A bench led by Chief Justice D.Y. Chandrachud asked the high court registrar general to personally verify with the judge concerned about the interview, and asked the officer to file an affidavit before the Supreme Court by Friday.

“We want to know if the learned judge has taken part in the interview. This is something on a TV video and it cannot be possibly misinterpreted,” noted the bench, also comprising Justice P.S. Narasimha. “Something said in the court cannot be gone into, but TV interviews…” 

The judge in question is Justice Abhijit Gangopadhyay, who was interviewed by a prominent Bengali TV news channel. 

The judge has been in the limelight for drawing public attention on the alleged school-jobs-for-bribes scam. Before he gave the interview, he had ordered a CBI probe into the alleged illegal appointment of non-teaching (Group C and D) and teaching staff by the West Bengal Central School Service Commission and West Bengal Board of Secondary Education.

The Enforcement Directorate (ED) also launched a parallel probe in the matter and arrested former education minister Partha Chatterjee in July last year.

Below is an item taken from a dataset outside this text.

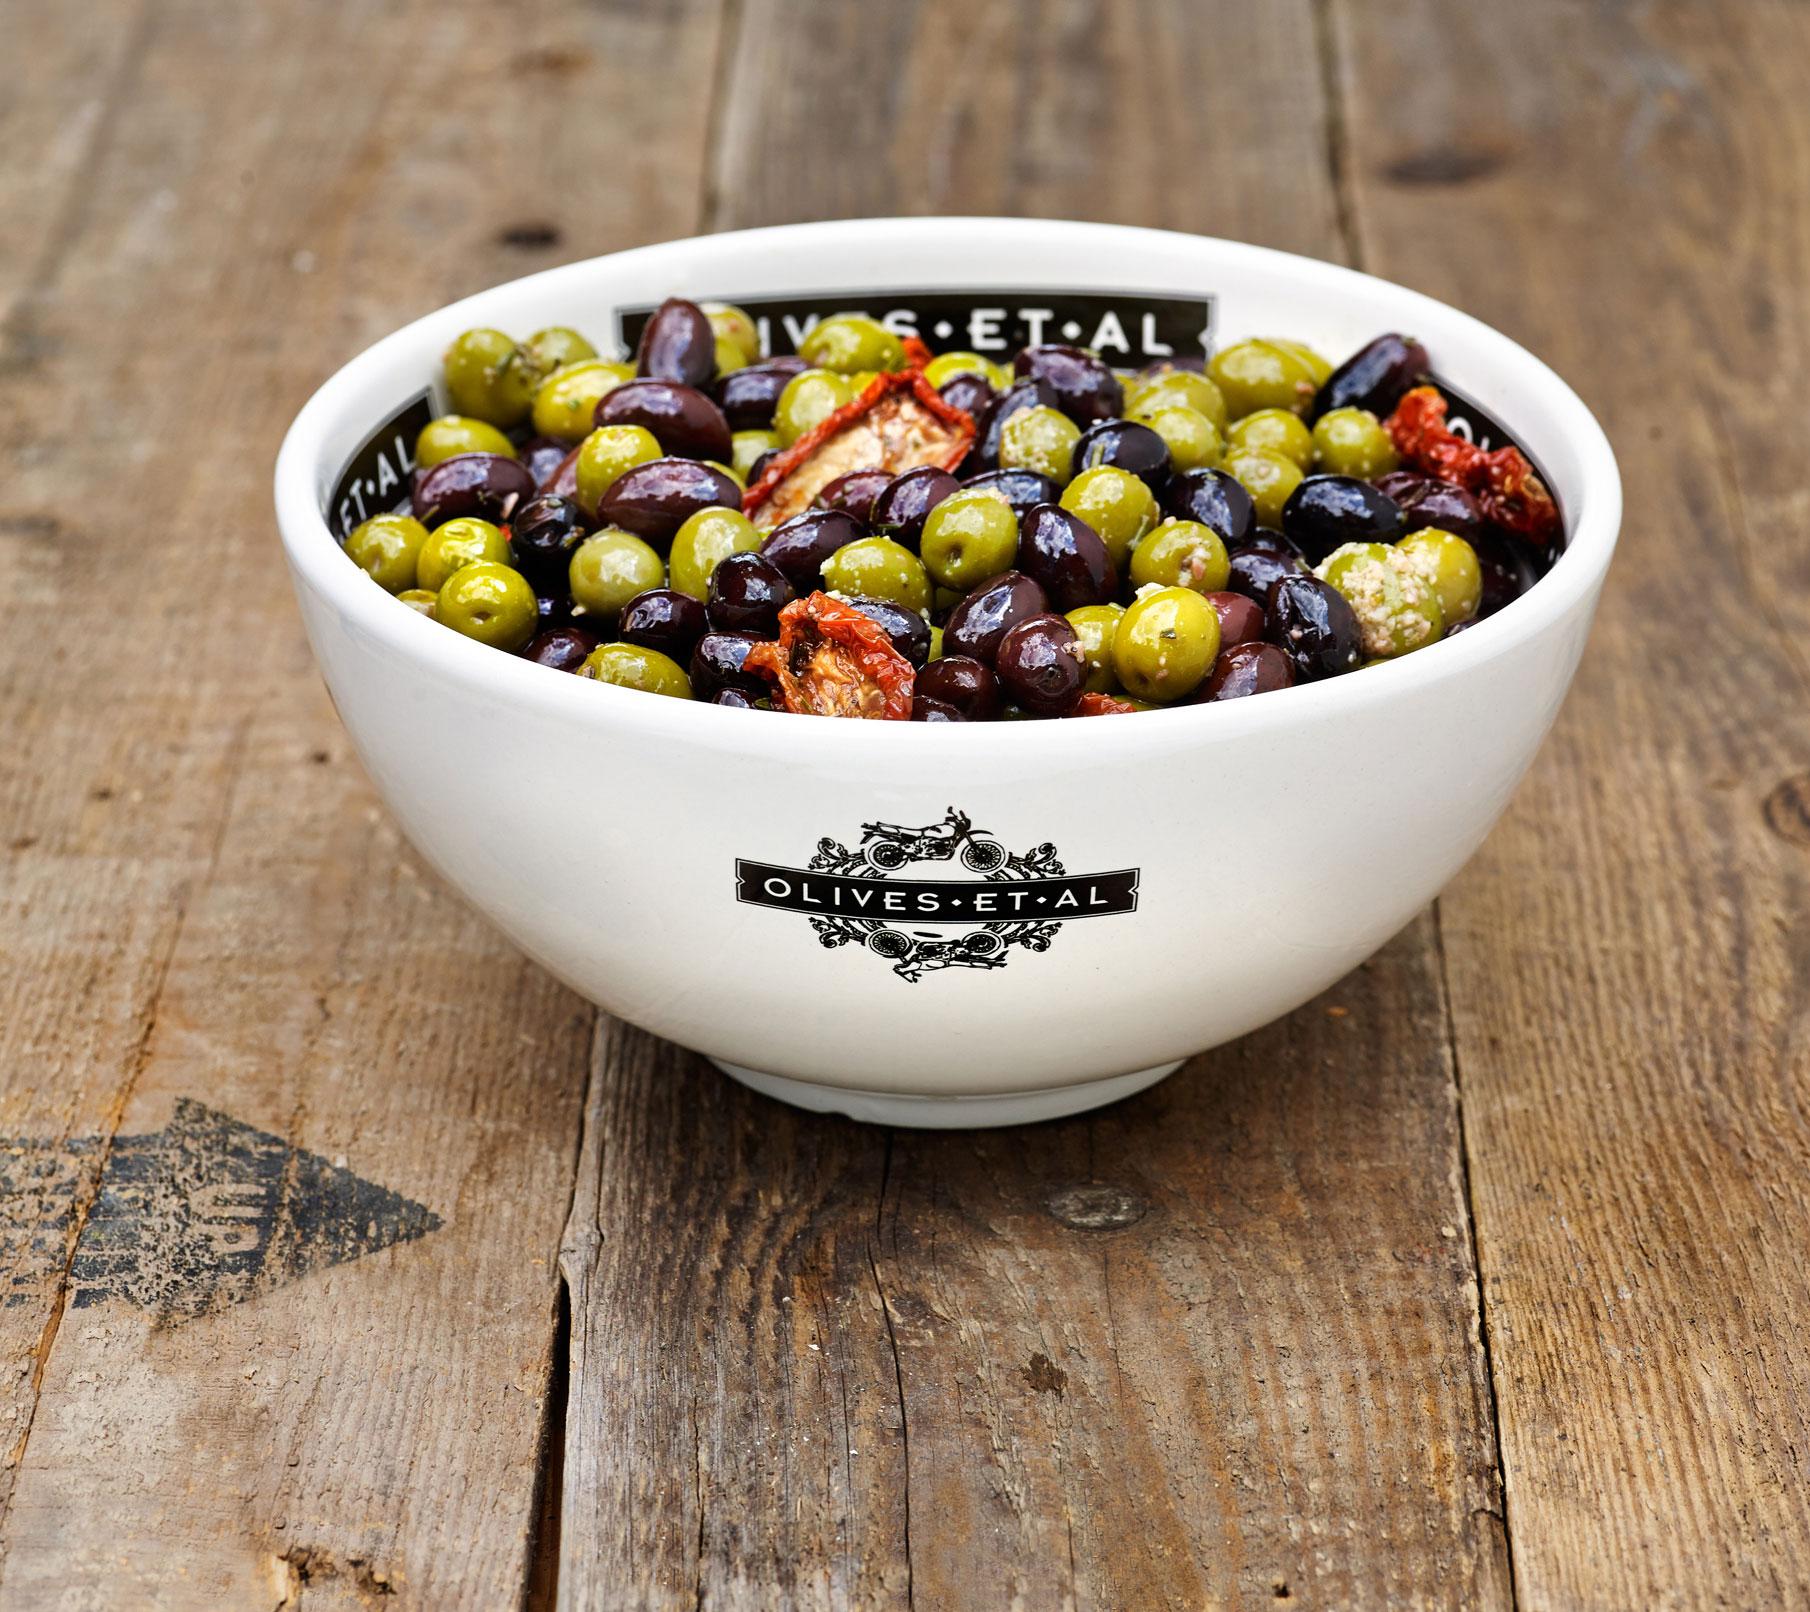 olives-1_olives-et-al_gastro-worldwide.jpg

On 13 April this year, the judge’s bench had asked the CBI and the ED to bring Trinamool Congress (TMC) chief and West Bengal Chief Minister Mamata Banerjee’s nephew — MP Abhishek Banerjee — under the ambit of their investigation in the case.

Challenging this order, Abhishek Banerjee approached the top court, which last week restrained the two agencies from interrogating him. In his appeal against Justice Gangopadhyay’s order allowing his questioning, Banerjee questioned his interview to the TV channel.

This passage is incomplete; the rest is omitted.